Giacchè il sistema bancario italiano non è creatura morta, fossile immoto al trascorrere degli eventi bensì un essere senziente, frutto di realtà multiformi e parto del pluralismo, a volte irrazionale, che ha accompagnato l’Italia dal dopo guerra, ai giorni d’oggi, non può non cogliersi un dato temporale che segna una forte discrasia nell’impostazione così come prospettata, laddove la Cassazione, che per un ventennio ha seguito una determinata linea di indirizzo ne ha controvertito i contenuti in poco meno di 5 anni. Alcuni interrogativi si pongono come spontanei per meglio comprendere il significato e la portata di codesto orientamento, nell’interesse della certezza del diritto; la consapevolezza di un sistema delle fonti di investimento altamente diversificato ha forse influito su codesto annoso argomento al punto tale da far si che una visione, per molti versi auspicata, della tipologia “risparmio” abbia indotto la Suprema Corte a constatate eventi oggettivamente apprezzabili, solo se osservati nell’ottica d’insieme di un mondo, quello finanziario, che sempre più spesso evidenzia le falle maturate nel ventennio, dagli anni 80 al nuovo secolo?
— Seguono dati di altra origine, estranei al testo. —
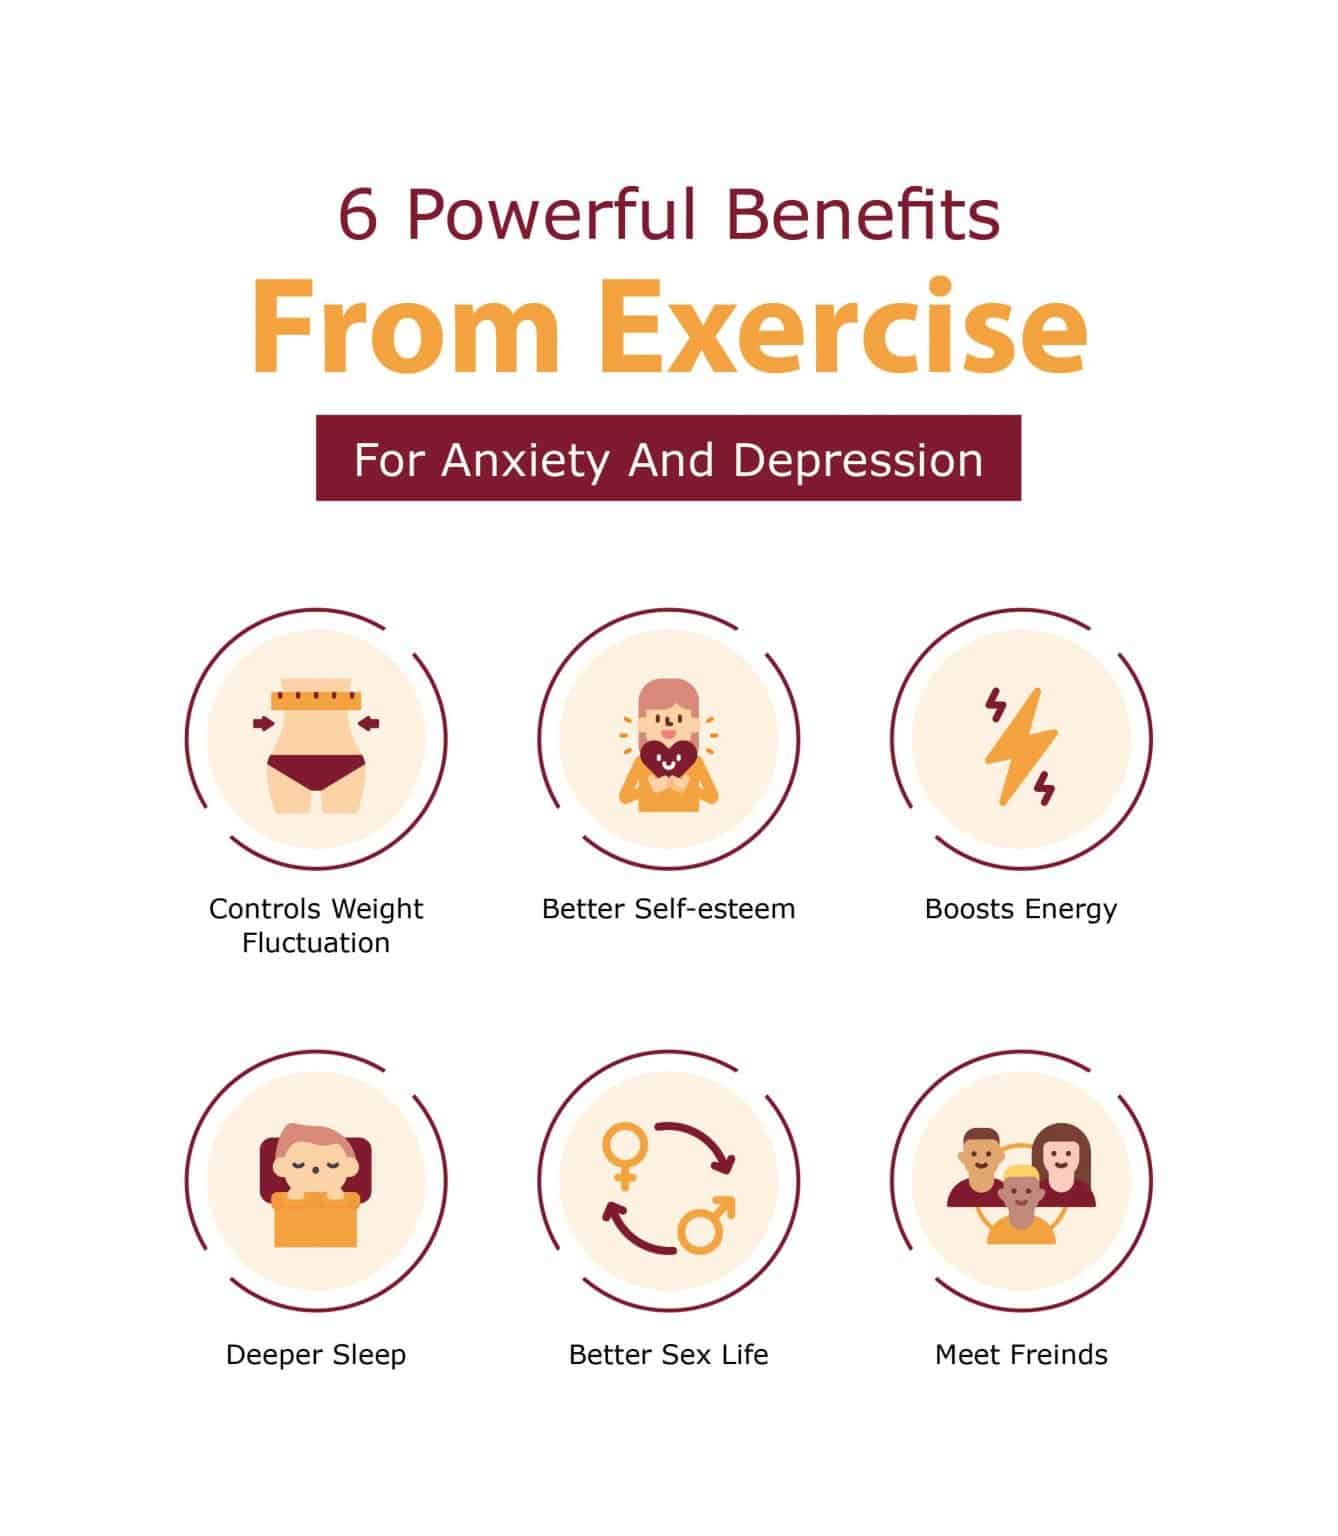 6 Powerful Benefits From Exercise [Anxiety and Depression]

Potremmo noi assurgere a parallelo dominate l’interpretazione fornita dalla non ultima riforma sostanziale del pubblico risparmio in conseguenza del crollo dei mercati denominati New Economy e dei crack finanziari di stampo tipicamente nostrano? Se rispondessimo di no a codesti interrogativi negheremmo quanto la stessa Cassazione afferma laddove sottolinea che il consumatore, in questo caso cliente, ha maturato una rinnovata consapevolezza dei limiti e dei costi di un sistema che evidentemente sente come ingiusto. Ma il giudice di legittimità non interpreta i malumori più o meno condivisi, dovendosi invece attenere esclusivamente ai fatti, oggettivamente certi. L’interrogativo sorge pertanto del tutto spontaneo laddove lo stesso cliente, che lamenta la mancanza di un sentore normativo certo e acquisito nel corso degli anni, è il medesimo consumatore che sottoscrive, sempre con la banca, un profilo dell’investitore tale definito come prudente, moderato o aggressivo. Potremmo prescindere da tutto ciò o per estensione di questo ritrovato sentore della stessa utenza assumere che al mutamento di ogni assunto da parte della clientela si debba pervenire ad una ipotesi di mancanza di opinio juris?
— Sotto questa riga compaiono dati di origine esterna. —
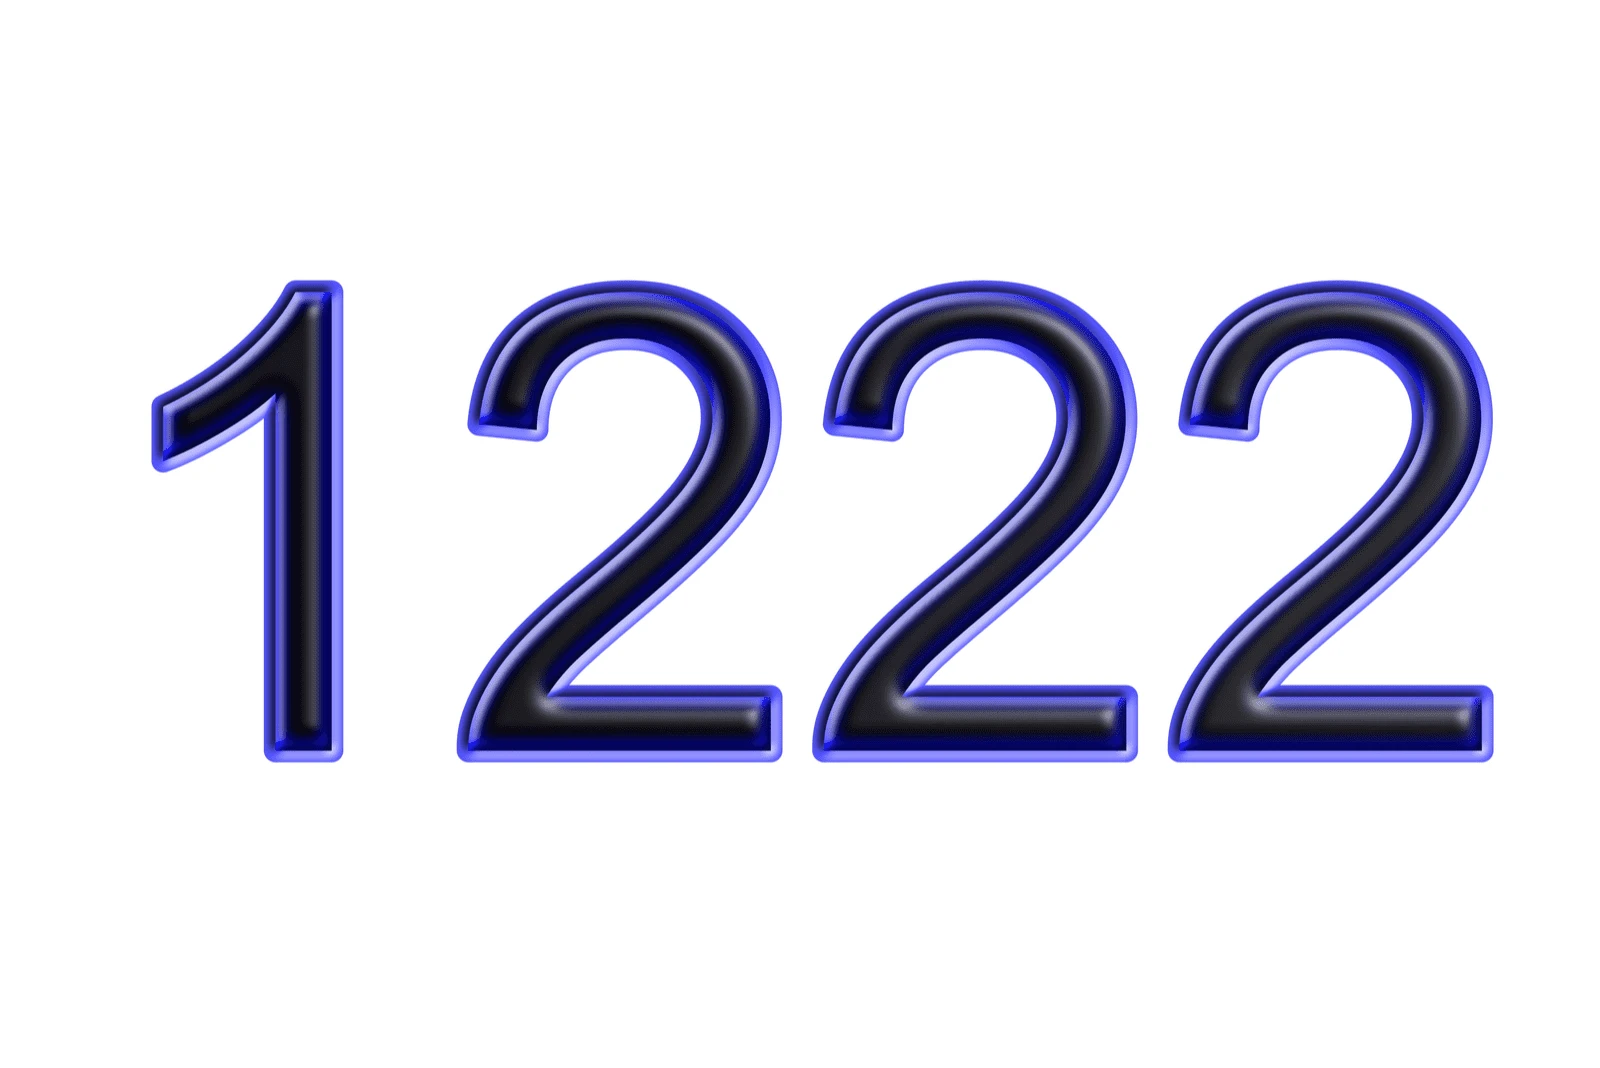 number 1222 on a white background

Naturalmente la risposta non può che essere negativa giacchè l’opposto significherebbe negare di per se stessa la capacita consuetudinale di un uso di assumere e in talune occasioni divenire, norma di legge. Non v’è dubbio che il rilievo della Corte sia meritevole di unanime plauso, per la straordinaria dote progressista e garantista espressa nel considerare una fattispecie attuale e carica di evidenti riscontri giuridici, ma nel contempo negare che il “sistema” in precedenza instauratosi, prima cioè di quella riforma datata 1993 con il Testo Unico Bancario, non avesse esso stesso acquisito informazioni a sufficienza per statuire, con forza di legge, altro se non le impressioni e il sentore condiviso di quella stessa clientela, svuoterebbe di contenuti l’opera del legislatore che cerca di dotare il “sistema” di quei meccanismi che gli sono necessari per la sopravvivenza. Dobbiamo infatti rammentare che la stipula del contratto in sè considerato con l’organismo bancario non è limitato a un “dare ed avere”, bensì ad un anamnesi antecedente, del rischio/opportunità. Su questo presupposto è stato realizzato l’importante trattato di Basilea sul credito e oggi, a distanza di anni, proprio perché questo stesso “sistema” maturato grazie agli interventi legislativi occorsi si è adeguato, si sta per introdurre un nuovo parametro, Basilea 2, che difatti considera nuove voci statistiche, circostanze e opportunità. Può tutto questo essere ridotto ad una mera consapevolezza ritrovata del cliente e quindi ad una semplice per quanto complessa, nei fatti, separazione fra uso normativo e negoziale? Ad opinione di chi scrive se così fosse potremmo noi oggi cercare disperatamente di voler curare un presunto male, con una cura che potrebbe rivelarsi peggiore del male stesso.
Del resto proseguendo nella lettura del testo della sentenza resa il 4 novembre 2004 la stessa Suprema Corte non smentisce l’importanza del dato storico volendolo difatti quantificare e considerare laddove ella attesta che: “l’evoluzione del quadro normativo impressa dalla giurisprudenza e dalla legislazione degli anni 90 in direzione della valorizzazione della buona fede come clausola di protezione del contraente più debole, della tutela specifica del consumatore, della garanzia della trasparenza bancaria, della disciplina dell’usura ha innegabilmente avuto il suo peso nel determinare la ribellione del cliente relativamente a prassi negoziali, come quella della capitalizzazione trimestrale degli interessi dovuti alle banche, risolvendosi in una non più tollerabile sperequazione di trattamento imposta dal contraente forte in danno della controparte più debole. Ma ciò non vuol dire che, in precedenza, prassi siffatte fossero percepite come conformi a jus e che sulla base di tale convinzione venissero accettate dai clienti”.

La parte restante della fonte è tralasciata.